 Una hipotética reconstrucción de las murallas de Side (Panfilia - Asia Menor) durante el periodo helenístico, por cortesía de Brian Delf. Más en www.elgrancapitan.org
○ ○ ○
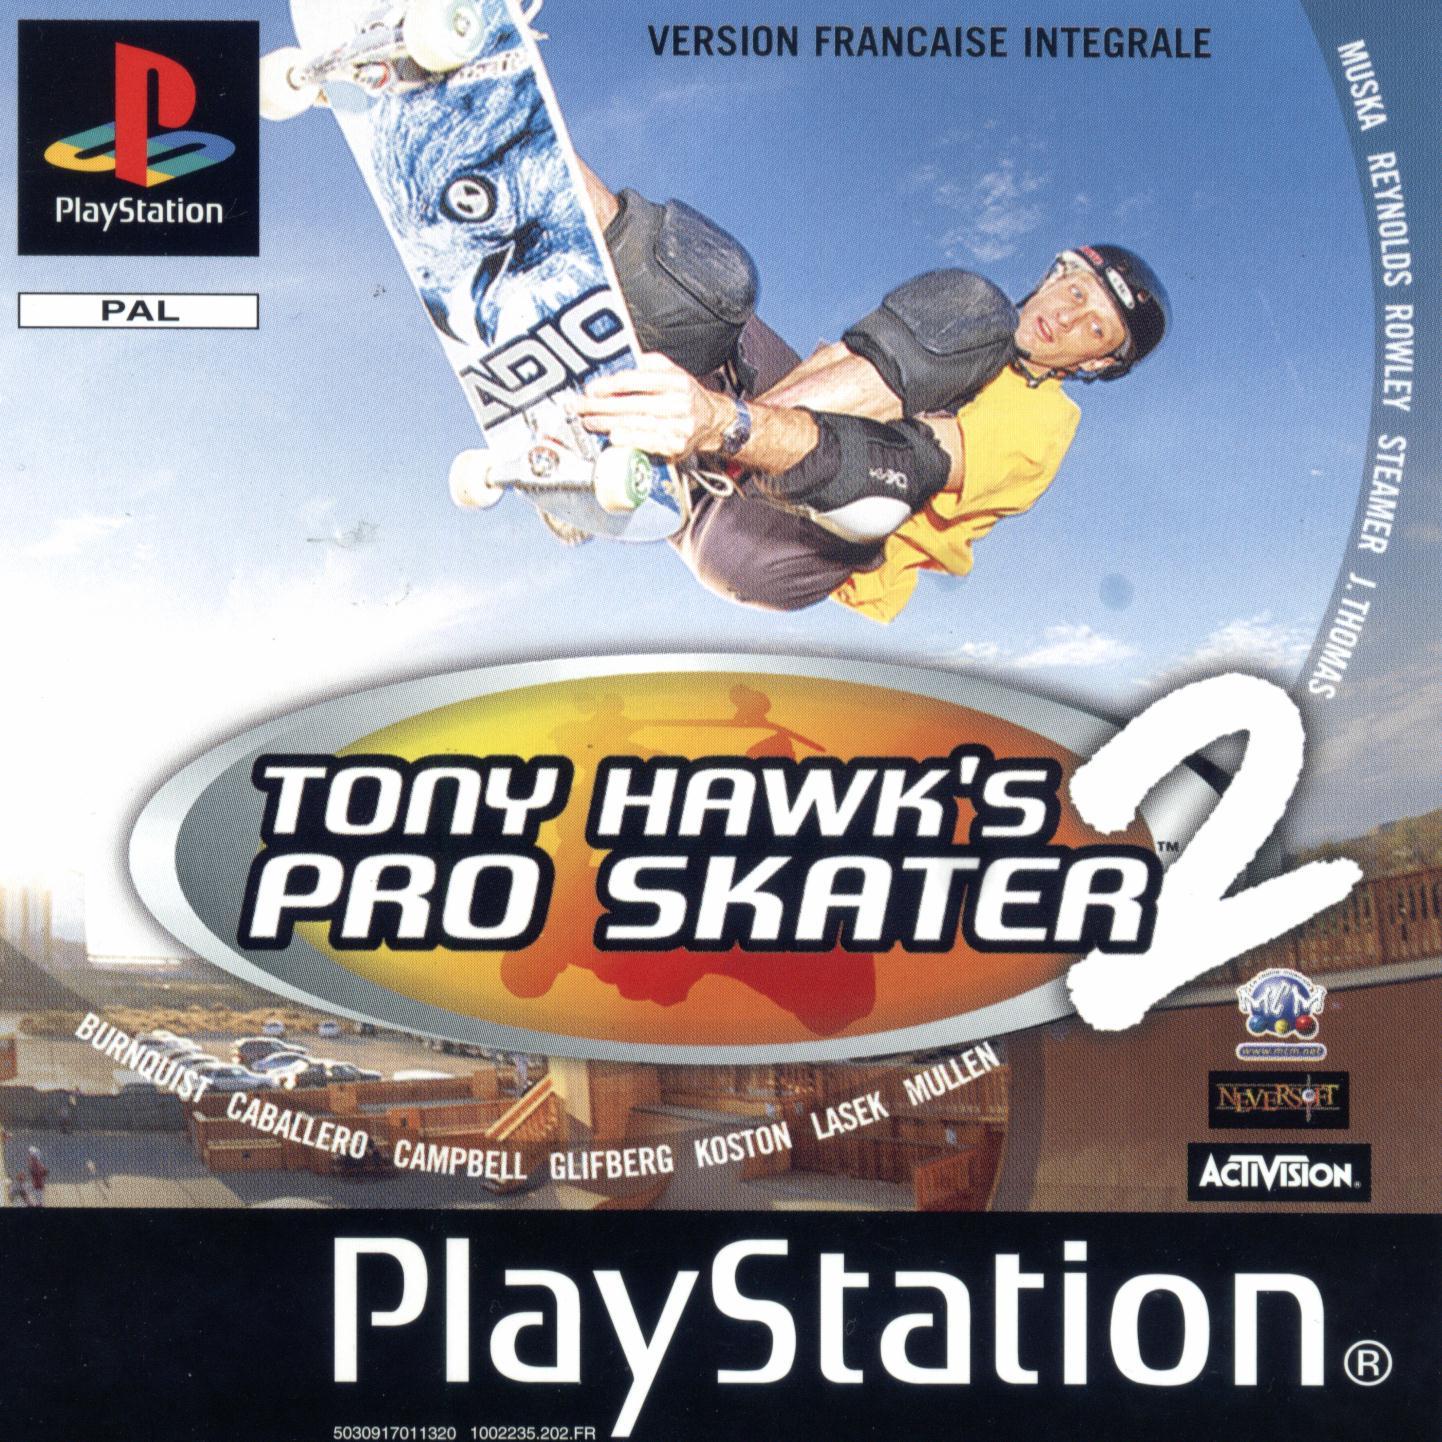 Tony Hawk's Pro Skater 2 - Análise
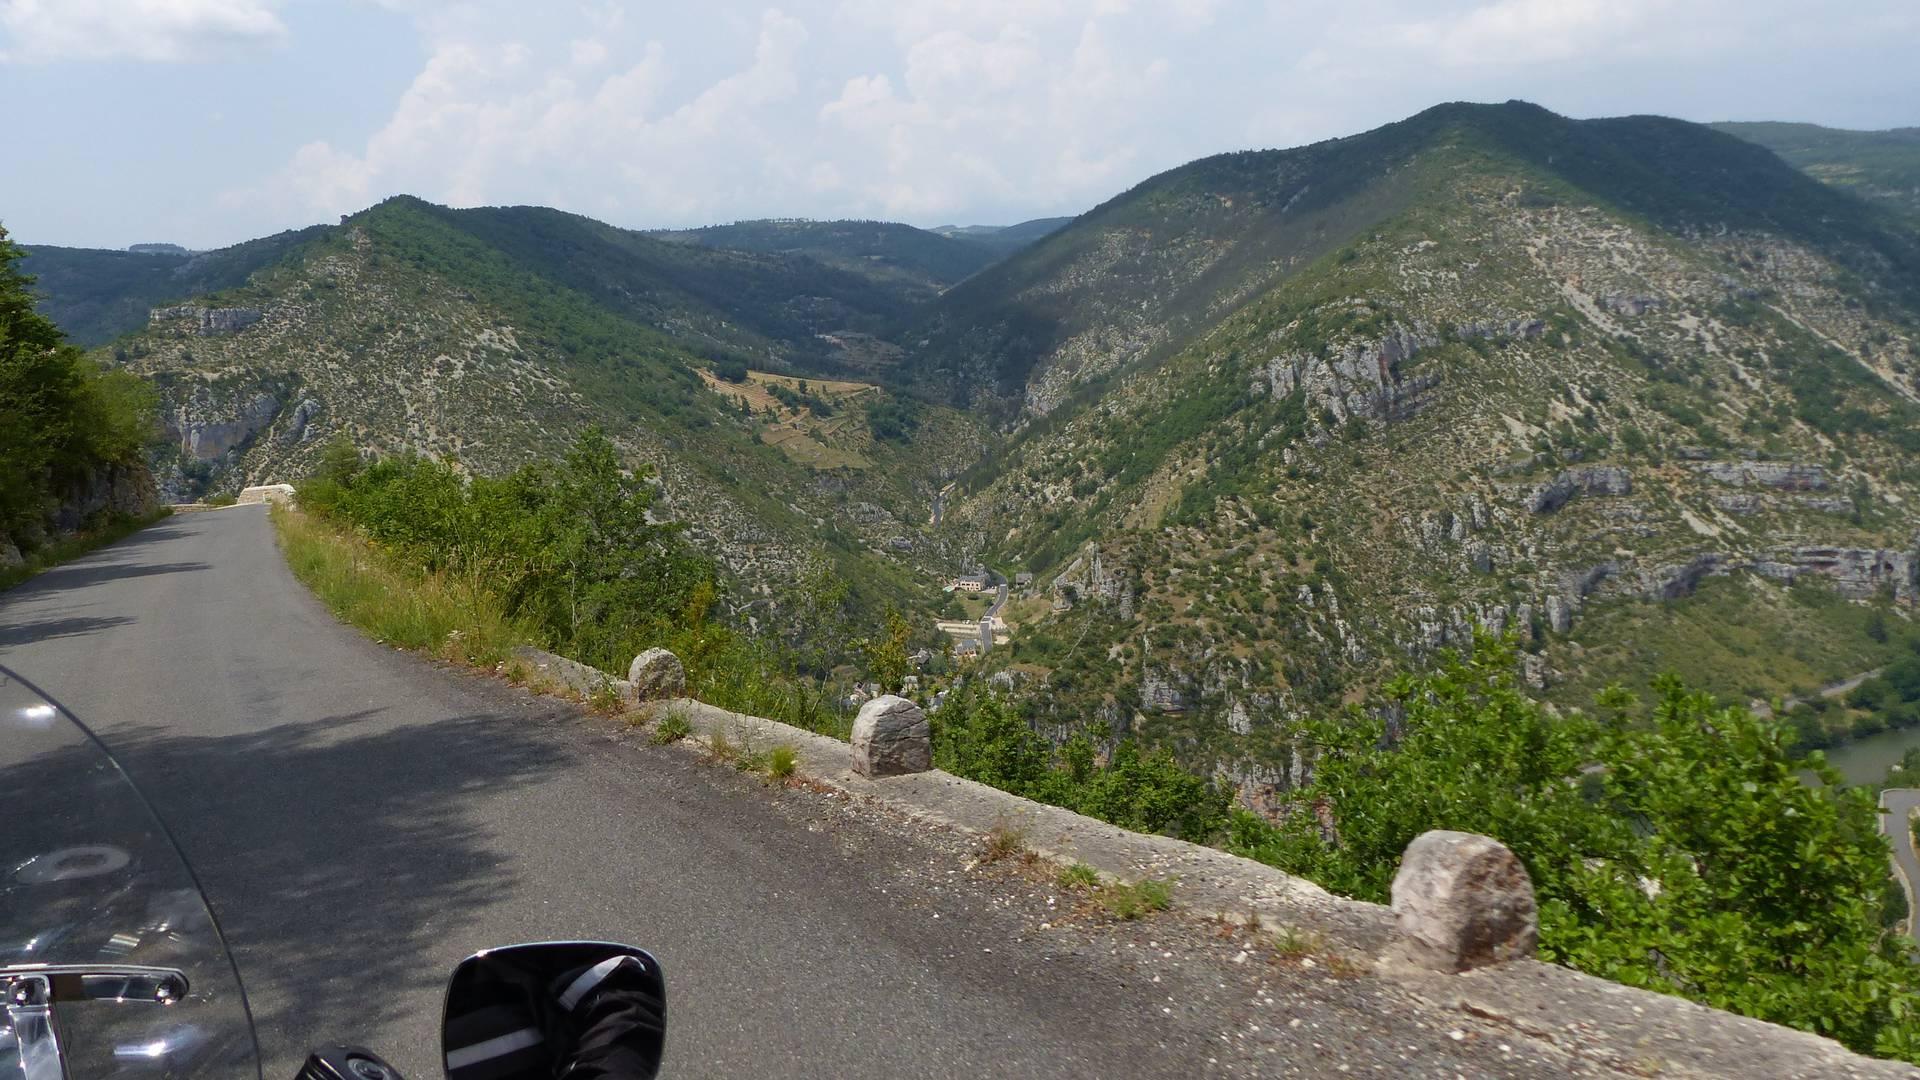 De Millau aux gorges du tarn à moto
○ ○ ○
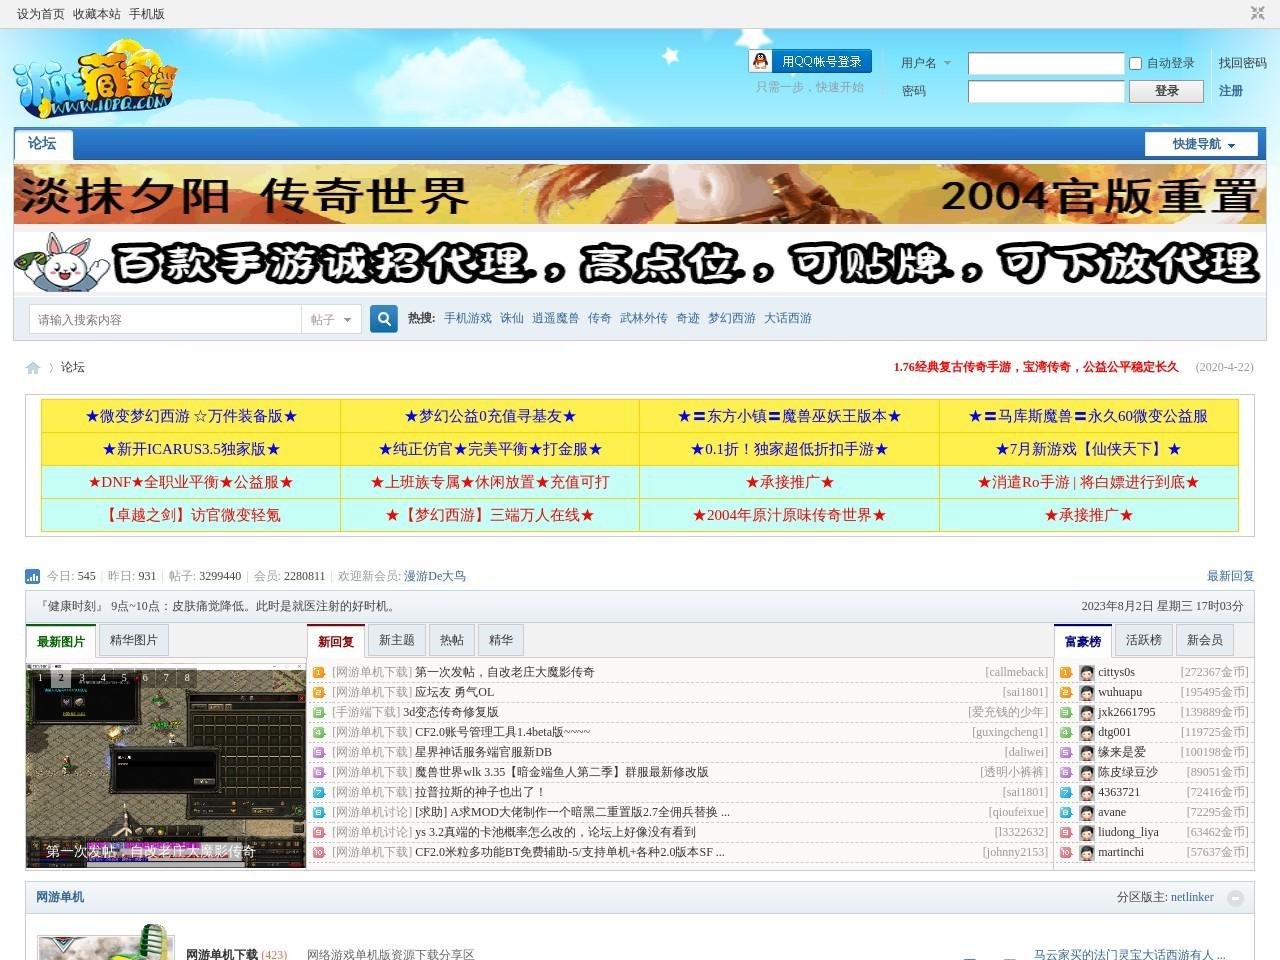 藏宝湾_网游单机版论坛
○ ○ ○
## Task item
What you return must match the lines above from the one with "Tony Hawk's Pro Skater 2 - Análise" through the one with "De Millau aux gorges du tarn à moto" exactly, with both ends included and the pictures excluded.

## Output of the exercise
 Tony Hawk's Pro Skater 2 - Análise
 De Millau aux gorges du tarn à moto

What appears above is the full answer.